Alright take two on this post. *shakes a tiny fist at wordpress* I just had to add every line break manully through the html editor. Not a happy camper. =[
Every single night the same arrangement
I go out and fight the fight.
Still I always feel the same estrangement
Nothing here is real, nothing here is right.
I’ve been making shows of trading blows
Just hoping no one knows
That I’ve been going through the motions
Walking through the part.
Nothing seems to penetrate my heart…
So recently my WoW Horde guild broke up. (note) I had a big long bit here about the how and why, but I decided not to post it. No more dwelling on what was, time to concentrate on what IS. (endnote)
I had to find a new guild. I HAD TO. I described it to my friend today as this:
[12:31] Bunny Blindside‧: with wow its sort of like
[12:32] Bunny Blindside‧: its a treadmill set to a high speed
[12:32] Bunny Blindside‧: and if you falter at all, suddenly youre flying off on your ass
[12:32] Bunny Blindside‧: and its impossible to get back on
I feel that in WoW I am not enjoying myself unless I am pushing for something. I enjoy being a competitive raider. I enjoy being first or second to do things (or trying to be, at least), to come up with new strategies, to complete achievements with a team that no one else has done. So I decided to get back in the saddle after the death of my 10 man guild and that meant going straight to the top – a 25 man hard mode progression guild. My experience was valuable – my gear was not quite where it ought to be, but people who need a certain class or type of person are willing to overlook that.

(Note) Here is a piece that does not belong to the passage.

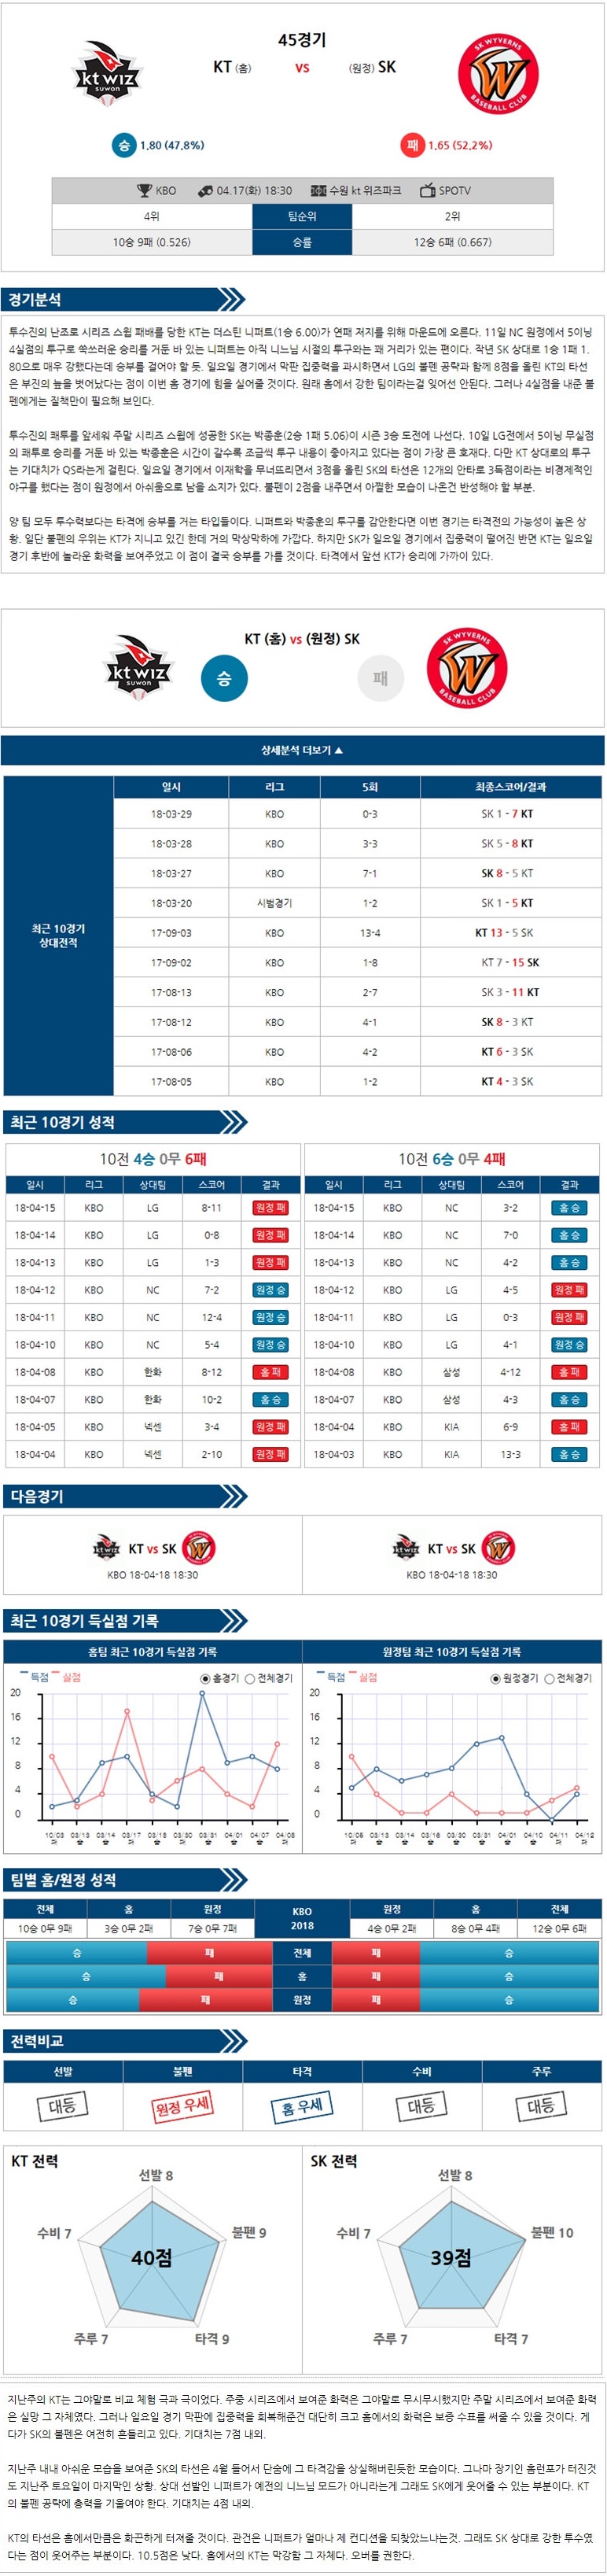 04-17 [KBO] 18:30 야구분석 KT vs SK
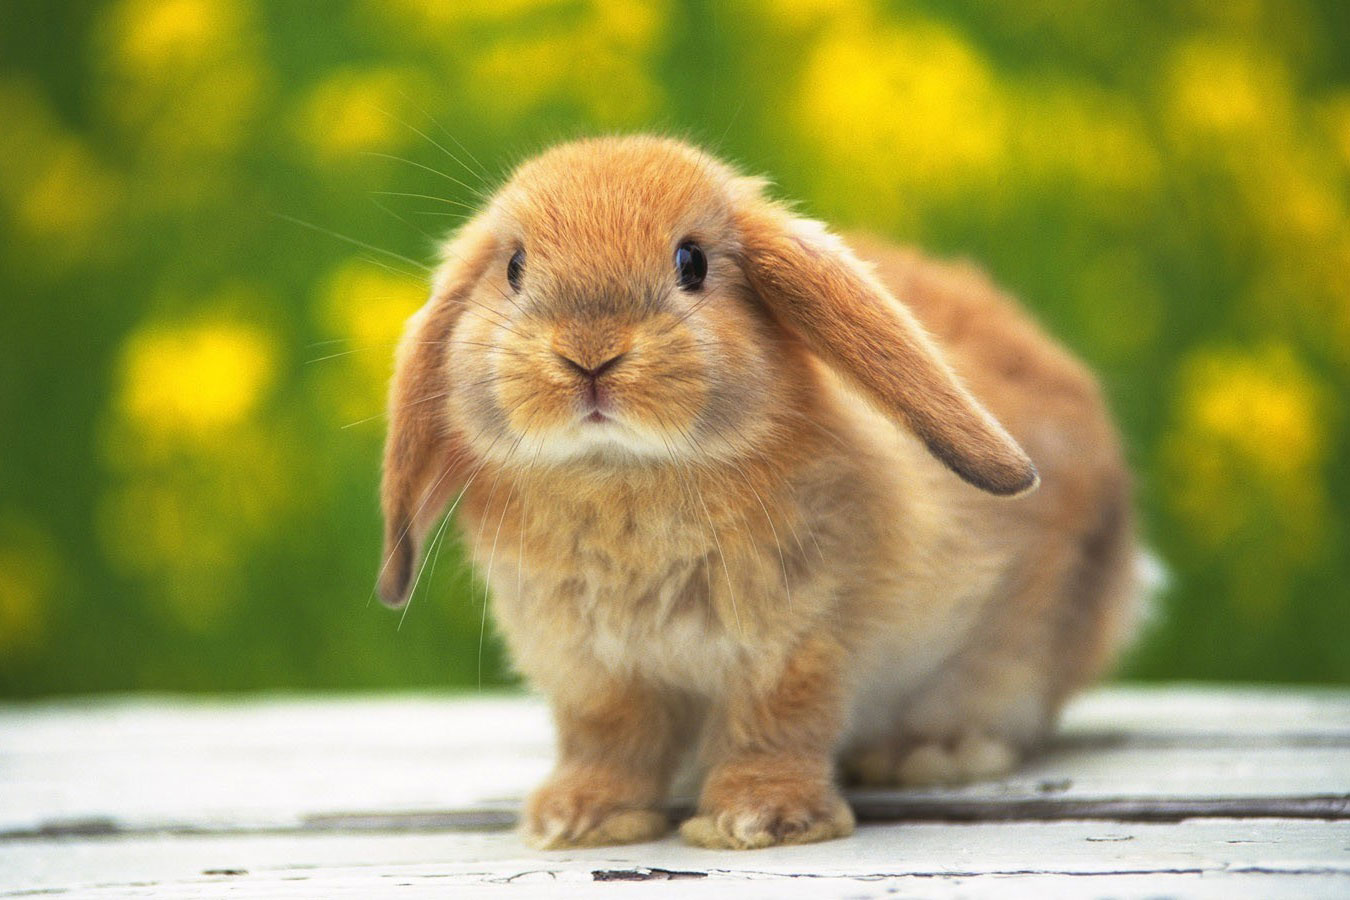 Rabbit coniglietto

So I got several replies of interest, and I chose carefully. I researched realms, researched guilds, and ended up on Lightbringer. I wanted to be Alliance but I wanted to make sure it was a realm where my chosen faction held Wintergrasp because I don’t want to have to wait to get my extra emblems and loot chances. I checked out the economy. I checked out the trade channels. I checked literally everything I could check. And I got into a good guild. They are really nice people. They’re progressing not too shabbily.
But there are problems. 1) The raid leader talks really fast and has a canadian accent. I have no idea what he saying half the time. Thank god I know the fights well enough to improvise. 2) my gear is way, way behind. I thought I was about 200 haste behind the other resto shaman – I found out I am FIVE hundred haste behind – levels I simply cannot attain with the gear I have. And there are no upgrades readily available to me. 3) I’m not having fun.
We jumped 200 spots in world rank last night due to completing two new hard modes – Blood Prince Council and Blood Queen Lana’thel. I contributed… sort of. My output was pretty terrible. I mean, let’s face it.. with gear so far behind and the passion gone, I am not playing to my full potential. I know this. I feel it in every raid I attend… which is all of them because I am a raid leader’s dream – I take it seriously and I *always* show up. But now I am performing shittily. Ok.. no that’s not true. I am performing averagely, which is NOT acceptable to me. I just sit here in my chair and force myself to pay attention… and wait for the three hours to be over.
So what is all this WoW rambling about, anyway? Well, I’m thinking about quitting. I feel like the song says… I’m just going through the motions. I’m not enjoying it anymore, it’s not giving me the thrill, the excitement, the sense of satisfaction that it once did. I’ve lost my WoW mojo. I think part of it is my dissatisfaction with my shaman – I would really rather be playing my priest but this guild doesn’t have a place for my priest. Not to mention my priest doesn’t have the achievements my shaman does, or the 310 mount. Gearwise though, she’s in about the same place.
And really? I miss my old guild. I’m tired of finding new guilds and trying to fit in with new people. They seem to like me and the HAPPY DEPENDABLE RAIDER mask I’m wearing is holding up to the scrutiny, and I think for now at least, the gear gap is excusing my low-ish output. But on the inside, I’m pretty unhappy and not at all enthusiastic.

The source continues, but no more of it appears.